POSTOP REHABILITATION PROTOCOL:
TIBIAL TUBERCLE TRANSFER AND MPFL RECONSTRUCTION
Range of motion goals: 0-90 degrees week 2, 0-120 degrees by week 4, full flexion by week 6.
PHASE I: weeks 0-6
Weeks 0-2:
Goals:
- Control pain and inflammation
- Protect fixation and soft tissues
- Regain quadriceps and VMO Control.
Brace: range of motion knee brace locked in extension for walking and sleeping, unlock while sitting
Range of motion: limit 0-90 deg
Weight bearing: touch down weight bearing – foot flat
Exercises: - Quadriceps sets
- Hamstring isometrics
- Straight leg raises in four planes with brace locked in extension
- Non-weight bearing gastoc-soleus and hamstring stretches
- Resisted ankle range of motion with therabands
- Patellar mobilization when tolerated – Only medial, superior and inferior, Not lateral
- ROM exercises – heel slides, seated knee flexion, prone dangle, passive resting extension with heel prop
Modalities: - Heat before
- Ice after activities
- Quadriceps stim – NMES to promote muscle activation
Weeks 2-6:
Brace: range of motion knee brace locked in extension for ambulating and sleeping
Range of motion: increase to 0-90 deg by end of week 2. 120 degrees by week 4, full flexion by week 6.
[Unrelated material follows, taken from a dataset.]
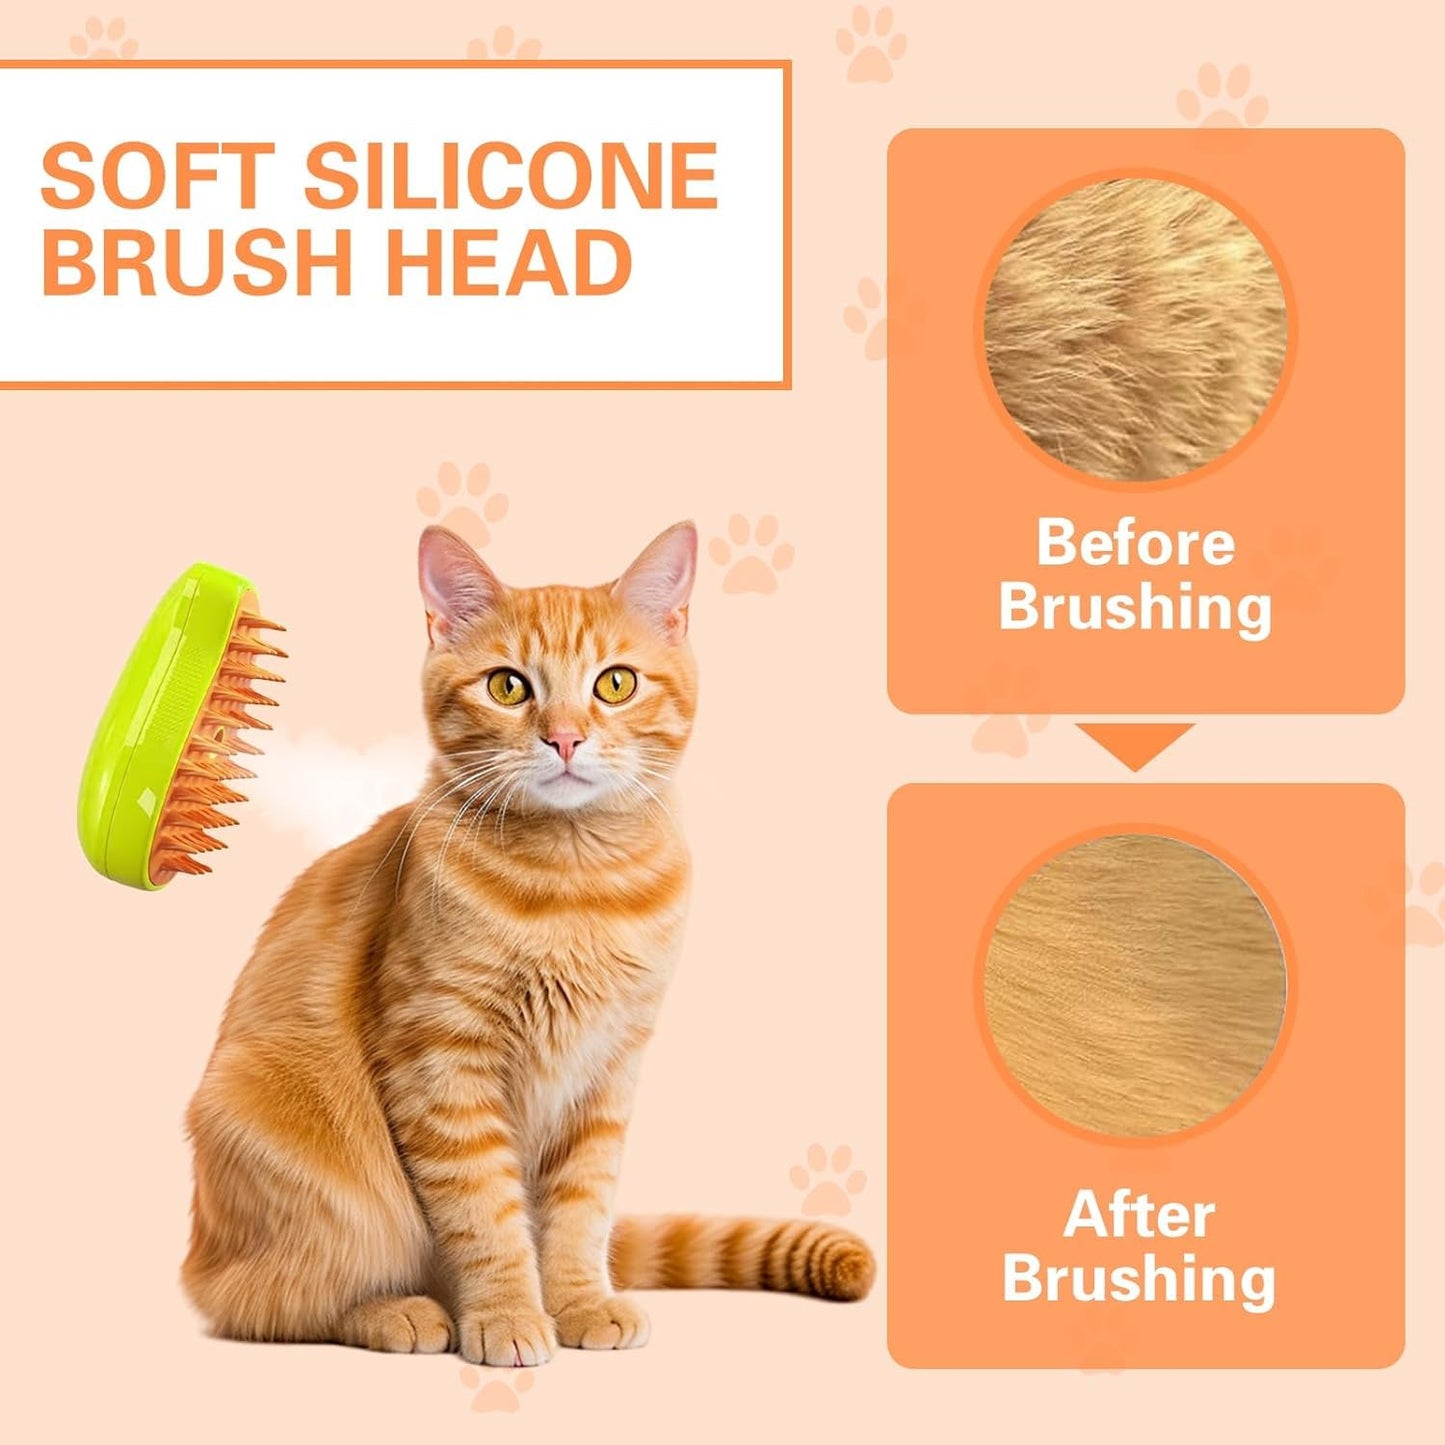 Steamy 3 in 1 Pet Hair Brush
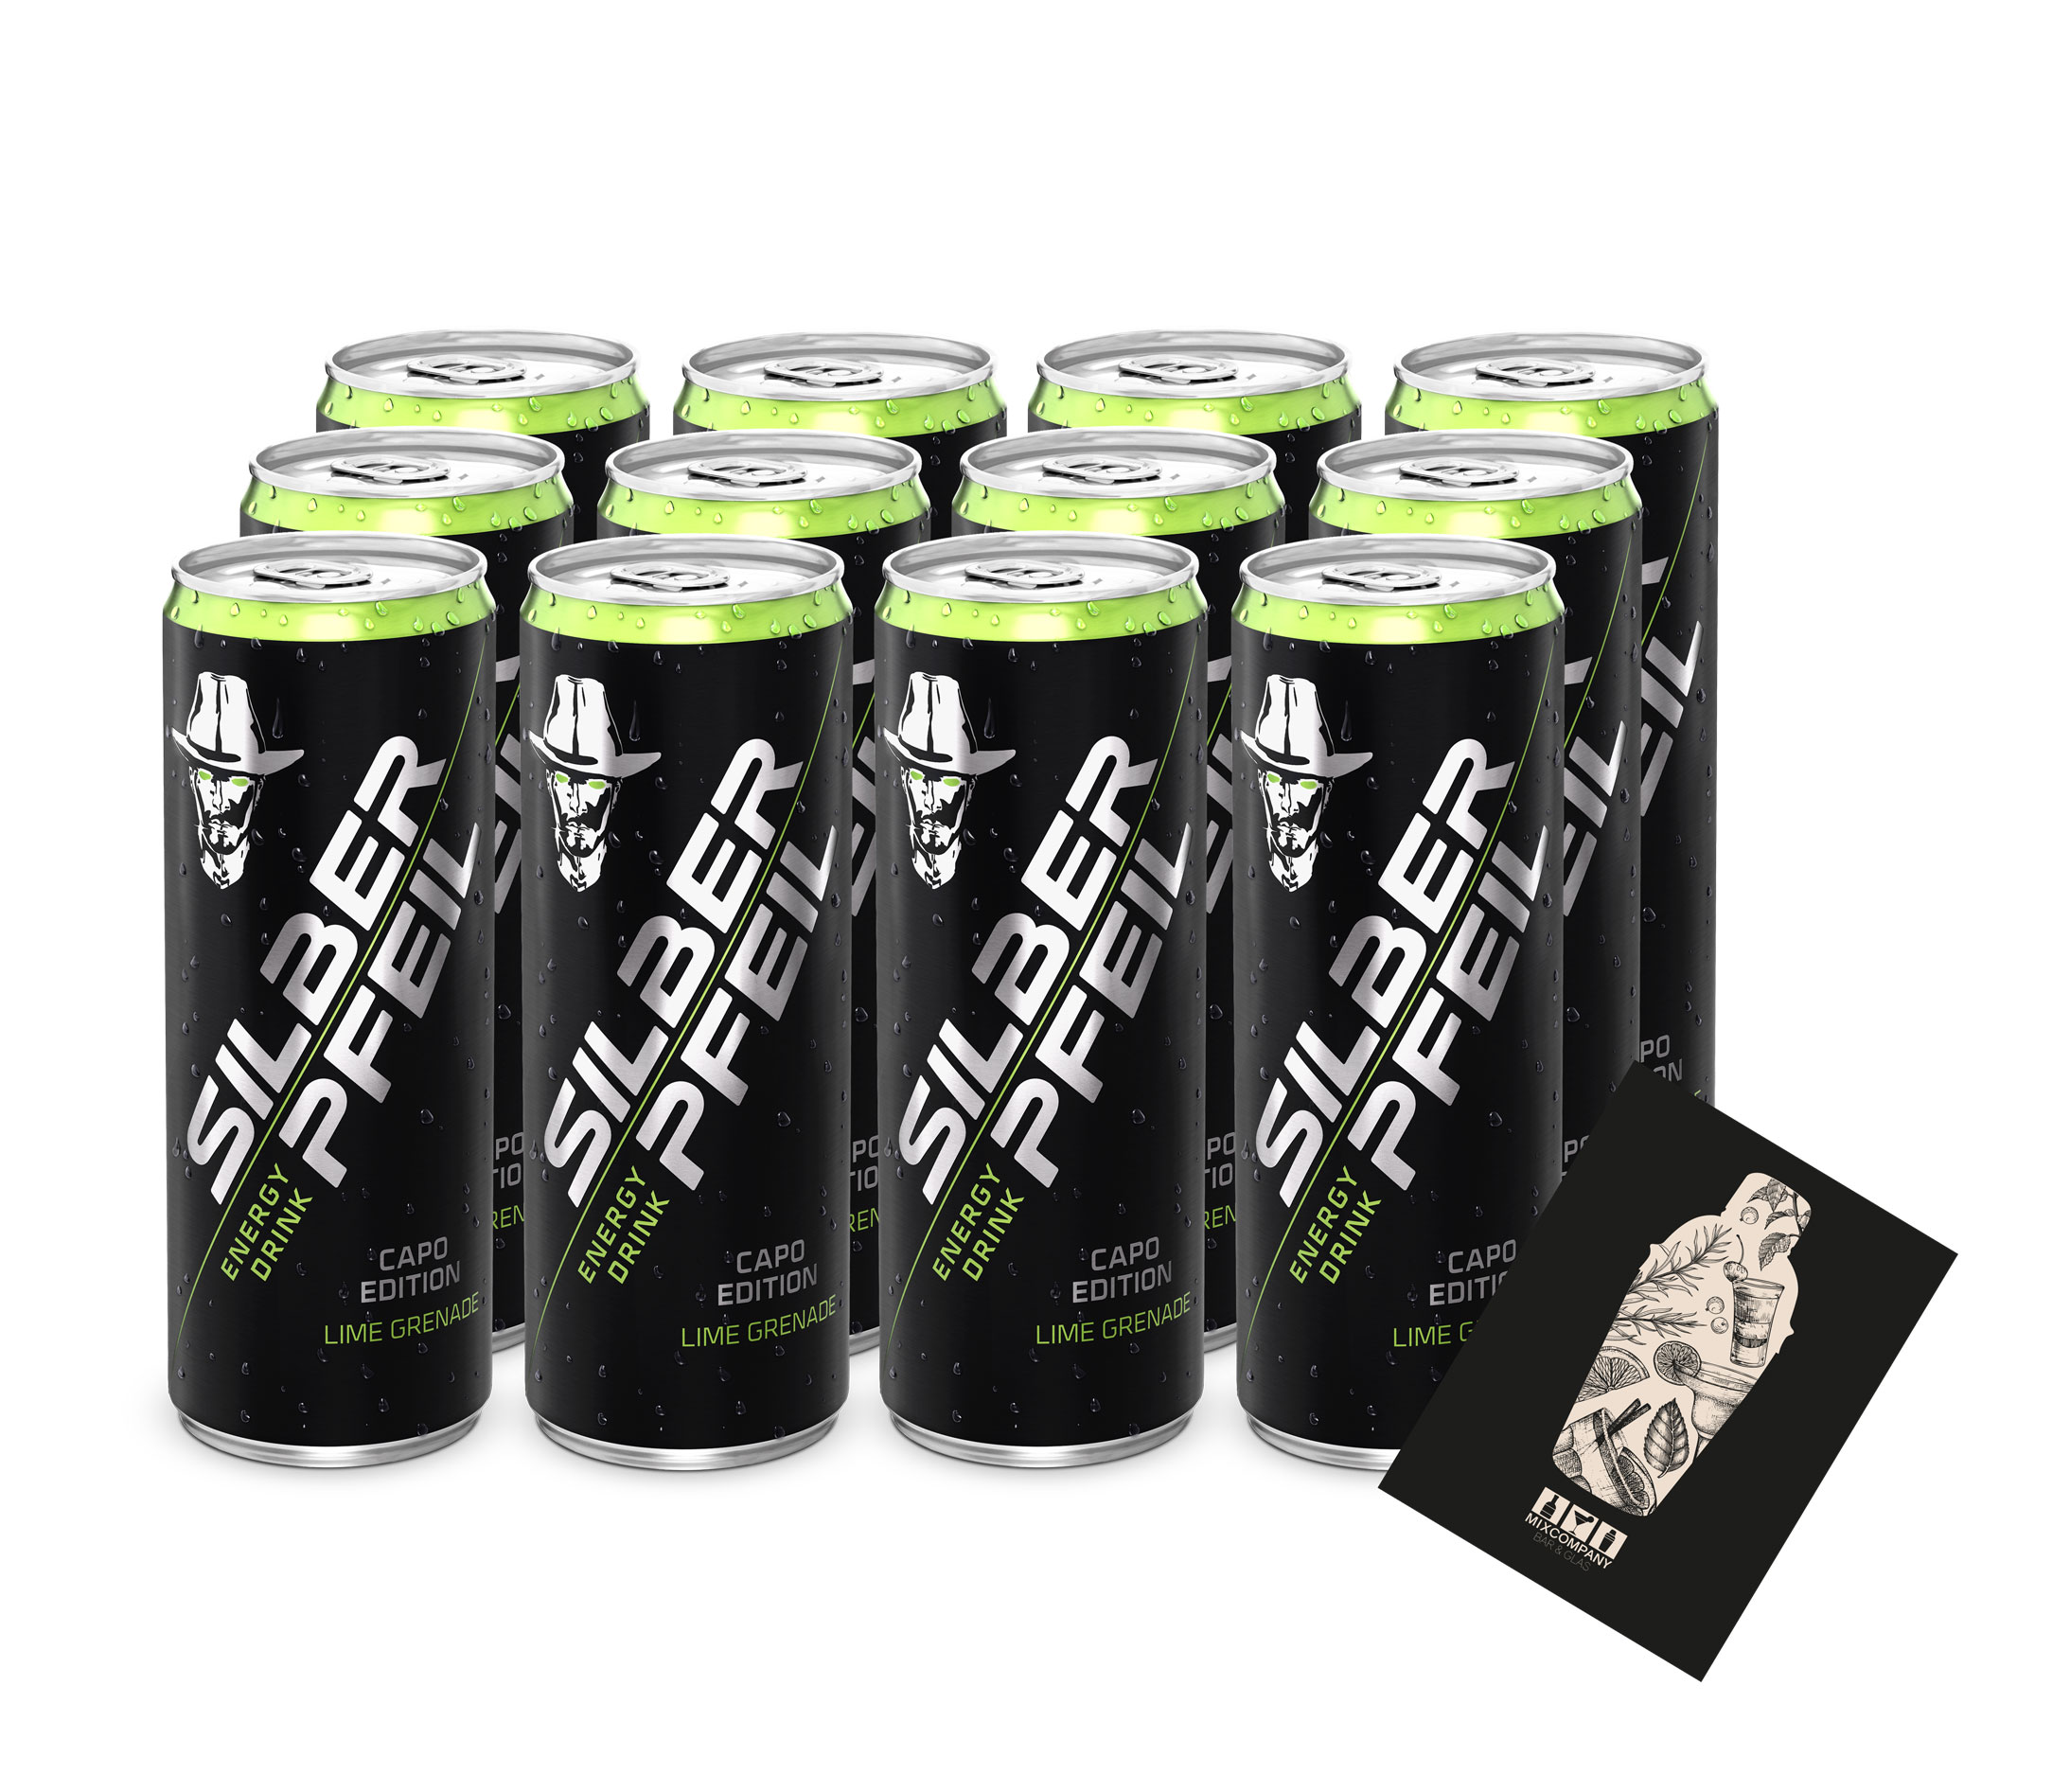 Silberpfeil Capo Edition 12er Set Energy Drink Lime Grenade 12x 0,25L inkl. Pfand EINWEG

Weight bearing: partial weight bearing with crutches
Exercises:
Continue above exercises:
- As above
- Proprioception/Balance
- Isometrics
Phase II: weeks 6-12
ONLY progress to Phase II if patient has no signs of active inflammation, a good quadriceps set and appropriate amount of allowed flexion
Goals:
- Increase range of motion to full
- Avoid over-stressing fixation
- Increase quadriceps and VMO control for restoration of proper patellar tracking
Weeks 6-8:
Brace: keep locked in extension while ambulating and sleeping until patient shows adequate quadriceps control (usually minimum of 8 weeks)
Range of motion: slowly increase range of motion to goal of full flexion by 10-12 weeks
Weight bearing: if shows radiographic signs of healing, then will progress to weight-bearing as tolerated with brace locked in extension
Exercises: - Continue Phase I exercises
- Balance and proprioceptive exercises
- SLRs without brace
- Weight bearing gastroc-soleus stretches
- Stationary bike with low resistance and high seat position to decrease patellofemoral joint compression forces
Weeks: 8-12
Brace: May discontinue brace only after radiographic bone healing and good, active control of the knee are demonstrated; may DC crutches
Range of motion: progress to full range of motion
Exercises:
- Step-ups
- Closed kinetic chain terminal knee extension with resistive tubing or weight machine
- Hamstring curls
- Toe raises
- Leg press from 0-45 deg of flexion
- Flexibility and proprioception exercises
- Progress to moderate resistance on stationary bike
- Begin treadmill walking
PHASE III: 4 months to 6 months
Goal:
- Good to normal quadriceps strength
- No evidence of patellar instability
- No Soft tissue complaints
- Normal gait pattern
Exercises:
- Open and closed kinetic chain strengthening
- Pool running program
- Increase walking difficulty and intensity of treadmill, bike, and elliptical trainer – But no jogging, no running and no single or double legged hop
- Only after 5 months – start to introduce light jog, patient must have quadriceps girth 50% of opposite leg
- Work on proprioceptive activities
PHASE IV: 6 months to 1 year
Goal:
- Slowly increase the patient’s activities with goal of playing sports by 9-12 months postop.Exercises:
- Increase intensity and distance running
- Progress to running and sprinting program
- Continue proprioception
- No pivoting until 7 months postop and until quadriceps girth is 75% size of opposite leg.
- Sport specific drills, agility drills
Clearance:
After 9 months – Patient will not be cleared for sports until their quadriceps girth is 100% equal to the opposite knee, and they have good balance.